Who this guide is for

While the recommendations in this guide are generally good practices, this is an advanced guide intended primarily for the following types of sites:

Large sites (1 million+ unique pages) with content that changes moderately often (once a week)
Medium or larger sites (10,000+ unique pages) with very rapidly changing content (daily)
Sites with a large portion of their total URLs classified by Search Console as Discovered - currently not indexed

General theory of crawling

The web is a nearly infinite space, exceeding Google's ability to explore every publicly accessible URL. As a result, there are limits to how much time and resources Google can devote to crawling any single site. The allocation of these resources is commonly called a site's crawl budget. In this context, Google's crawling infrastructure defines a site as a unique hostname. For example, https://www.example.com/ and https://code.example.com/ are treated as separate sites and have separate crawl budgets. A site's crawl budget is determined by two main elements: crawl capacity limit and crawl demand.

Crawl capacity limit

Google wants to crawl your site without overwhelming your servers. To prevent this, Google's crawlers calculate a crawl capacity limit (also known as hostload). This limits the total amount of time your server spends holding connections open for Google, factoring in both the number of parallel connections and their duration. This ensures Google can cover all your important content without overloading your servers.

Every site starts with the same default, conservative crawl capacity limit. If there is demand to crawl more and the site remains healthy, Google's systems will automatically adjust this limit over time.

The crawl capacity limit can go up and down based on a few factors:

Crawl health: If the site responds consistently and its response times (including latency and Time-to-First Byte) remain stable or improve, the limit goes up, meaning more connections can be used to crawl. If the site slows down (latency increases or response times become longer), or responds with server errors (5xx HTTP status codes) or rate-limiting signals (such as HTTP 429), the limit goes down and Google crawls less.
Google's crawling limits: While Google's resources are extensive, they are finite, and we must prioritize resource allocation across the web.

Crawl demand

Each crawler has its own "demand" when it comes to crawling the web, determined by factors unique to that crawler. For example, AdsBot generally has a higher demand when a site is running dynamic ad targets, and Google Shopping has a higher demand for products you have in your merchant feeds.
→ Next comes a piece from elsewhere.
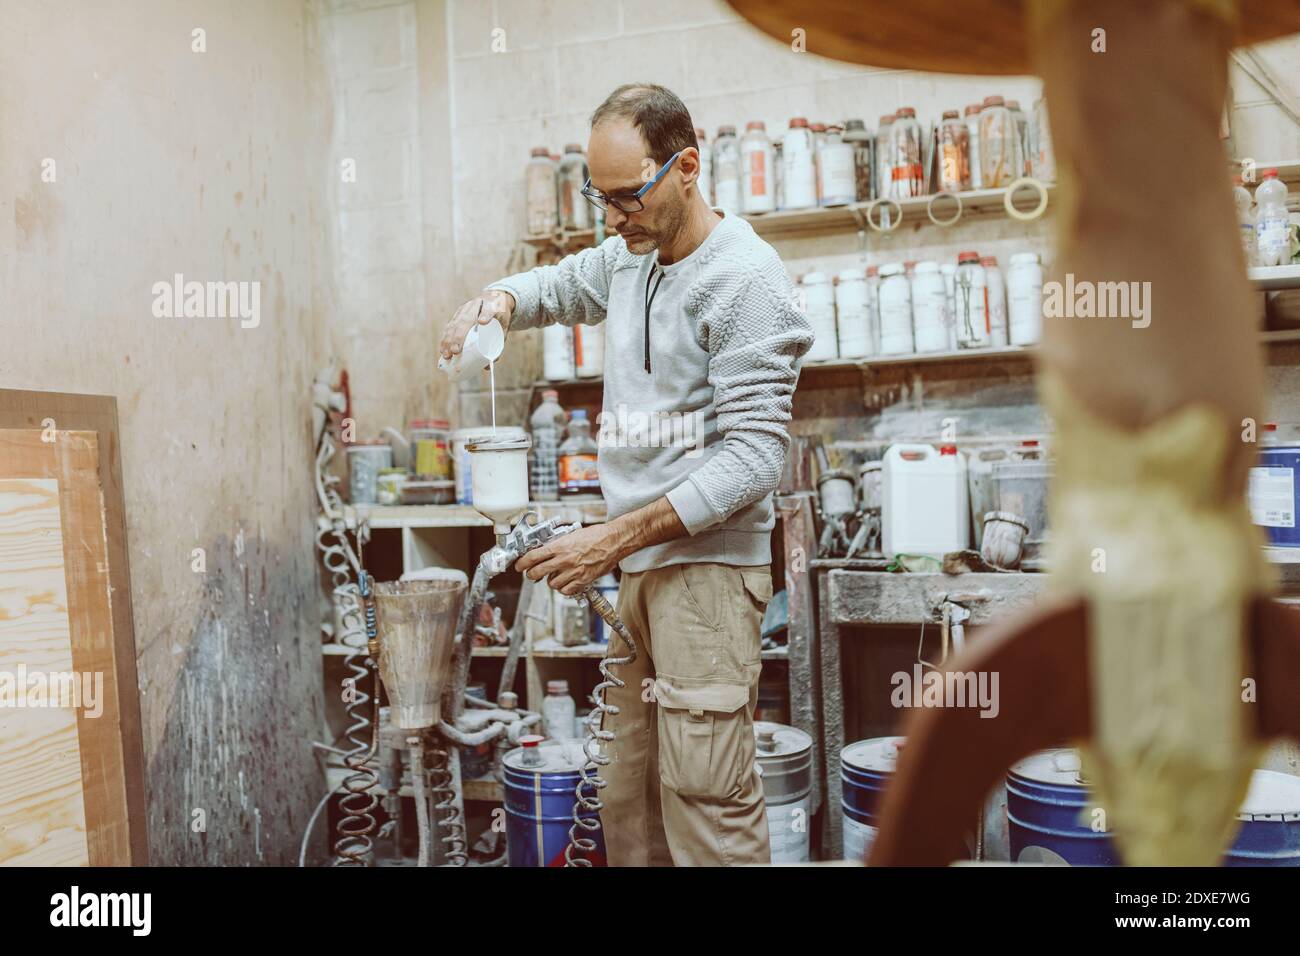 Manueller Arbeiter, der im Stehen weiße Farbe in die Spritzpistole setzt In der Werkstatt Stockfoto

For Googlebot, demand varies based on a site's size, update frequency, page quality, and relevance, compared to other sites. The primary factors you can influence are:

Perceived inventory: Without guidance from you, Google tries to crawl all or most of the URLs that it knows about on your site. If many of these URLs are duplicates, or you don't want them crawled for some other reason (removed, unimportant, and so on), this wastes a lot of Google crawling time on your site. This is the factor that you can positively control the most.
Popularity: URLs that are more popular on the Internet tend to be crawled more often to keep them fresher in our systems.
Staleness: Our systems want to recrawl documents frequently enough to pick up any changes.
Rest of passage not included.